In Kandy aangekomen werden we opgewacht door Upali, onze chauffeur voor de volgende 7 dagen. We hadden heel decadent een auto met chauffeur gehuurd. Dit hadden we kunnen regelen in Colombo, toen we daar een treinkaartje gingen kopen bij het station bij een soort toeristeninformatiebureautje. De vriendelijke man die ons daar te woord stond deed ons een voorstel voor een zevendaagse trip naar de Ancient Cities met auto en chauffeur, waarbij ook de accommodatie geregeld was. Erg aantrekkelijk en een manier van reizen die door veel toeristen wordt gedaan. Apart was wel dat toen we bij ons eerste guesthouse aankwamen dit het huis bleek te zijn van de vriendelijke man. We zouden daar totaal drie nachten blijven, dus dit was voor hem ook een goede deal. Bij ons heet dit belangenverstrengeling, hier is dat gewoon slim. Het bleek trouwens een geweldig goed guesthouse te zijn, met een prima kamer, een hele vriendelijke familie en geweldig eten. We hebben hier weer andere varianten van Srilankaanse curries leren kennen, erg lekker. 

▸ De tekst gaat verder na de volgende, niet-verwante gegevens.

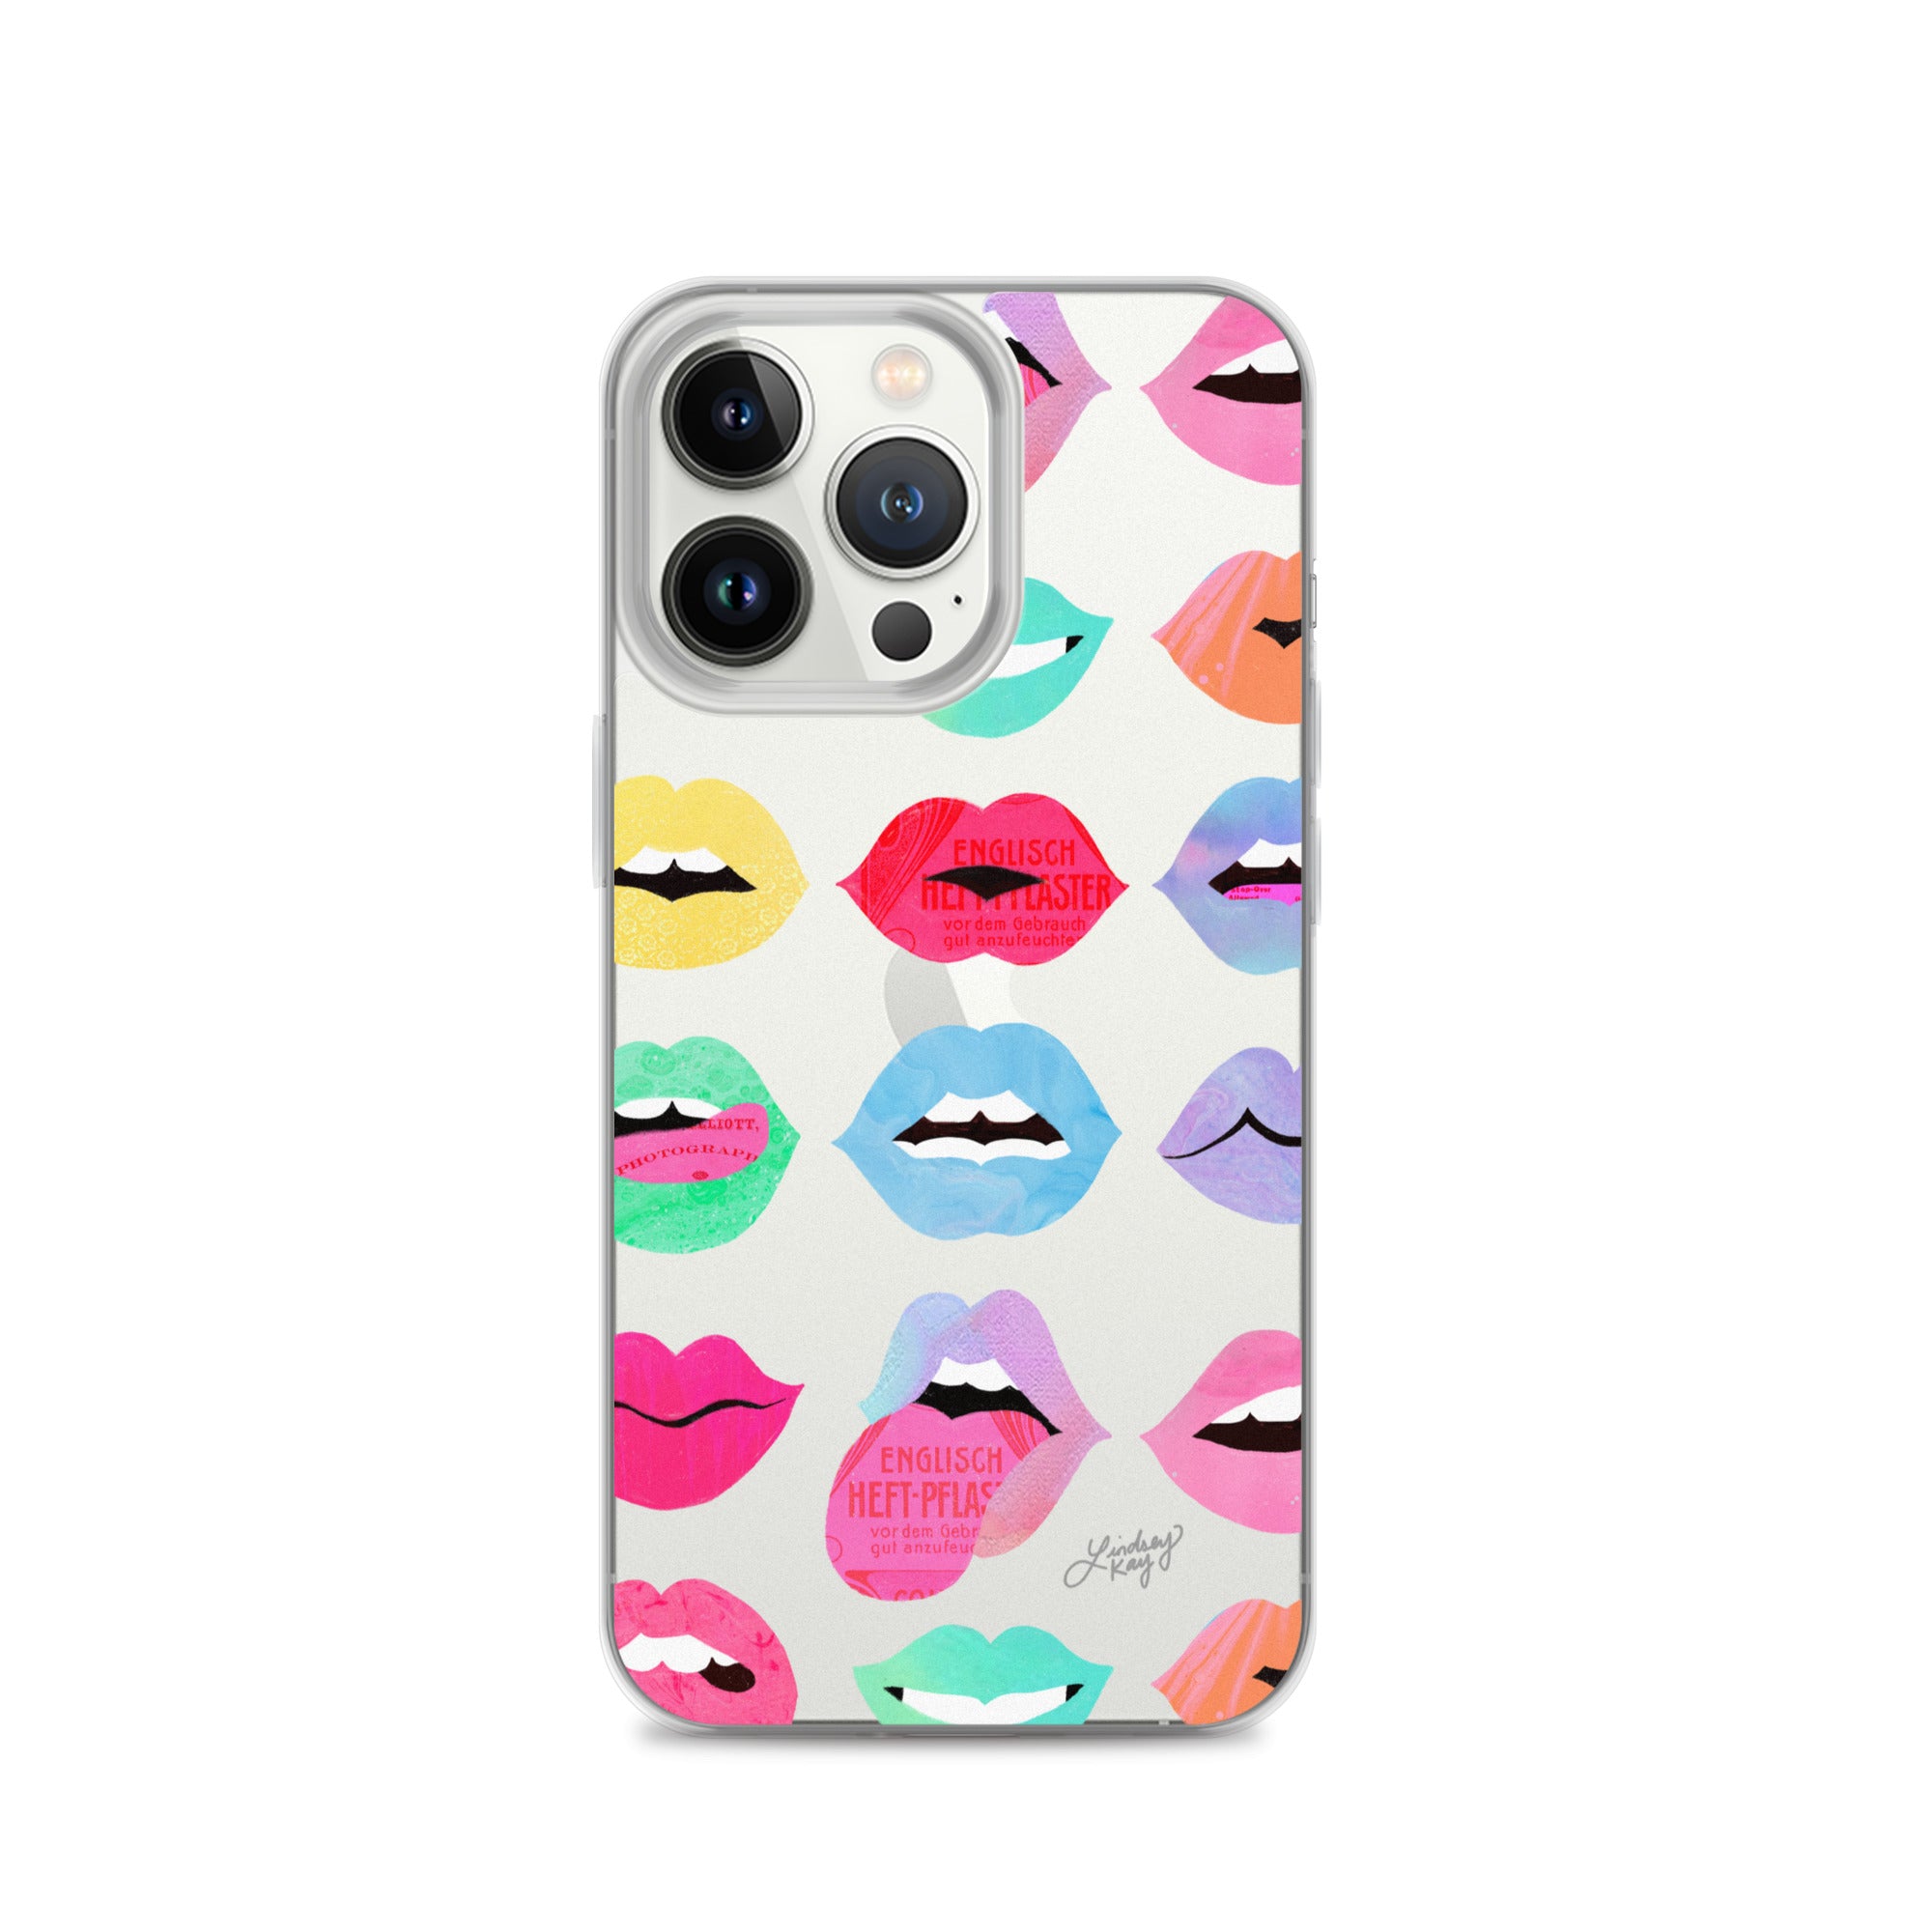 Labios de amor arcoíris - Funda transparente para iPhone®

Kandy ligt in een prachtig groene omgeving op zo'n 500 meter hoogte. We bezochten er de bekende Tempel van de tand, waar een tand van boeddha bewaard wordt. Ook hier maakten we weer een staaltje van slim ondernemerschap mee. Een oudere man vroeg ons waar we vandaan kwamen en vervolgens liep hij met ons mee naar binnen, waarbij hij ons gelijk iets begon te vertellen over de tempel. Voordat we het doorhadden bleken we een gids te hebben! We waren eigenlijk niet van plan geweest om een gids te nemen, maar het bleek toch wel handig omdat hij precies wist wat er in de tempel ging gebeuren en hoe we binnen het complex moesten lopen. We waren namelijk niet de enigen. Veel toeristen, maar ook veel Srilankanen bezochten deze bekende tempel waar over een paar weken 10 dagen lang een processie (Esala Perahera) wordt gehouden. Op de laatste dag (weer met volle maan) bestaat deze uit een "optocht" waaraan zo'n 50 prachtig versierde olifanten deelnemen. Helaas kunnen wij dit niet zien, want dan zijn wel al weer terug in Nederland. 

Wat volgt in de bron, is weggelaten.